4 For example, Frank Ricci, to overcome dyslexia, paid to
convert study texts to audio recordings; Gregory Boivin resigned
from part-time jobs; Benjamin Vargas and his wife both took
leave from their second and primary jobs; and Christopher
Parker studied in his wife’s hospital room as they awaited the
delivery of their son. Pet.App. 375a-378a, 392a-398a, 402a-409a,
413a-419a."
"Unlike the written exam, which measures job
knowledge, the oral phase is designed to test skills
and abilities (though some measure of parity is
expected). Pet.App. 667a, 708a-709a. City officials
and IOS went to similar extraordinary lengths to
devise a content-valid, comprehensive, structured
oral assessment process for candidates to be rated by
panels of fire-service professionals. Seeking the most
knowledgeable assessors, IOS searched nationwide
and consulted minority organizations for officers in
the rank of captain or above. It assembled a pool of
thirty assessors that included battalion chiefs, assistant
chiefs, and chiefs, in which minorities were
overrepresented—all nine active three-member
panels included only one nonminority member (even
though most candidates were white). Pet.App. 162a-
165a, 268a-270a, 344a-345a, 654a-661a.
Panelists reviewed keyed responses and performed
mock rehearsals and exercises designed to
calibrate ratings. They were trained to engage in
consensus rating, a measure designed to ensure
consistency and prevent one assessor from skewing
results by atypical scoring. Candidates were allowed
to organize their thoughts on paper before articulating
responses to various incident scenarios and were
measured for their tactical knowledge and skills,
leadership ability, and sound judgment in life-anddeath
situations. The process was monitored by IOS
experts, and post-assessment review showed the
panel ratings were sound, consistent, and indicative
of a high level of reliability. Pet.App. 164a-168a,
269a-271a, 656a-657a, 661a-663a. Ninety applicants
took the lieutenant’s written exam, of whom seventyseven
chose to proceed to the oral assessment.
Pet.App. 168a, 271a, 428a-432a. Forty-one applicants
took the captain’s exam. Pet.App. 433a-436a. Review
of candidate feedback questionnaires showed that,
overall, candidates believed the examinations were
fair and job-related. Pet.App. 338a, 651a-652a. The
exams fairly and validly tested candidates’ relative
levels of KSAs. Pet.App. 179a, 197a-199a, 277a, 289a,
329a-339a, 603a-606a, 633a-634a, 1023a-1025a."

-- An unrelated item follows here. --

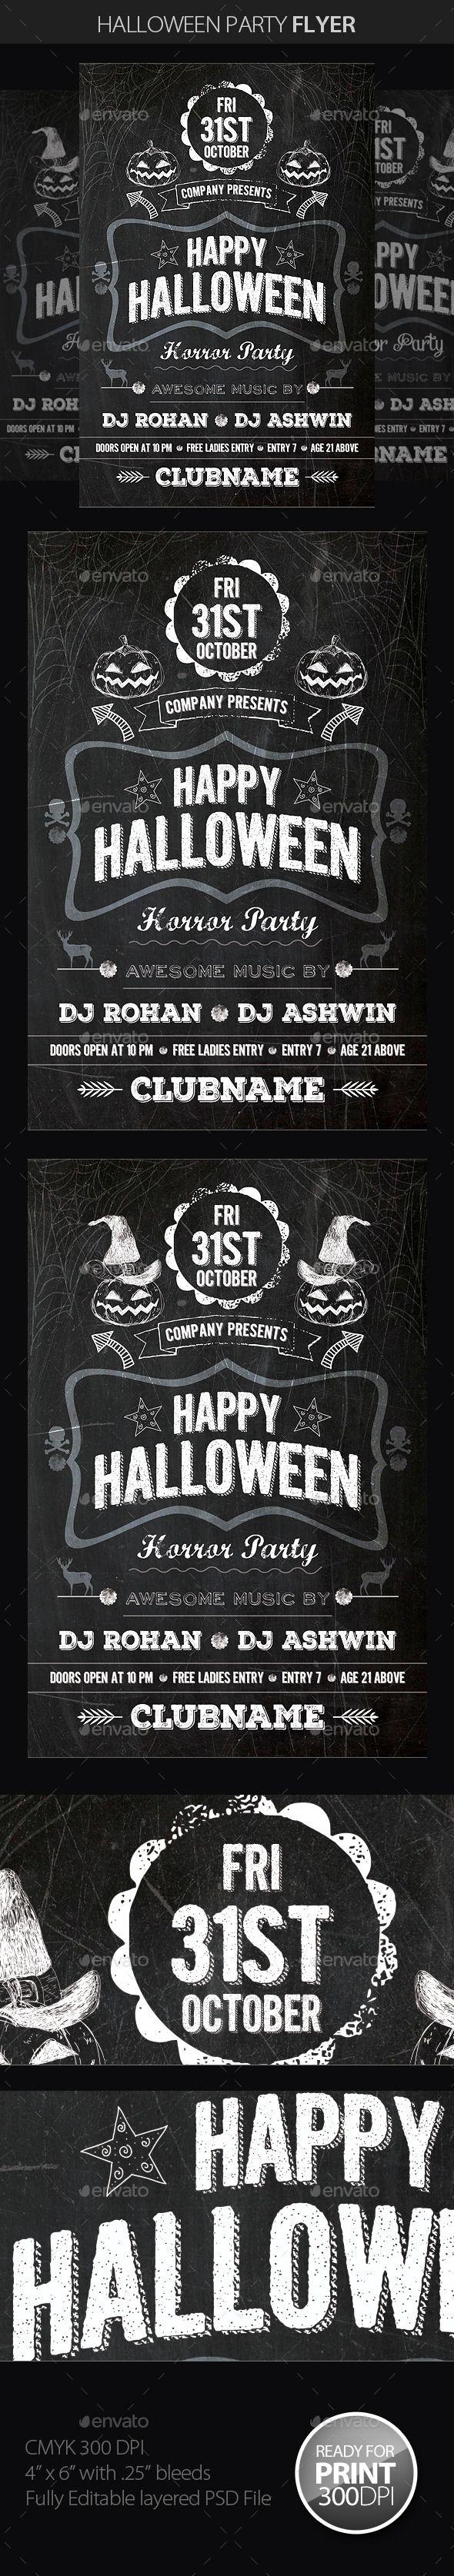 Best 25+ Halloween party flyer ideas on Pinterest | Flyers ...

"IV. AFTER LEARNING THE RACE OF CANDIDATES
WHO WOULD HAVE BEEN IMMEDIATELY PROMOTED,
RESPONDENTS SCUTTLED THE PROMOTIONS.
Candidates were race-coded. The scoring results
revealed racial disparities in pass rates and levels of
KSAs for those who did pass that were similar to
adverse impact ratios seen in previous exams. Pet.App.
423a-427a, 950a-957a. Candidates of all races passed
both exams and were eligible for promotion. Pet.App.
428a-436a. Most of the petitioners were among the
top scorers and eligible for immediate promotion.
Pet.App. 24a-25a, 390a, 437a-438a. Because of the
small number of immediate vacancies, however, applying
the rule-of-three meant, according to respondents,
that no African-Americans could be immediately
promoted and the new lieutenants “w[ould] all be
white,” though two Hispanics would be among the
eight new Captains. Pet.App. 439a-445a, 475a-476a."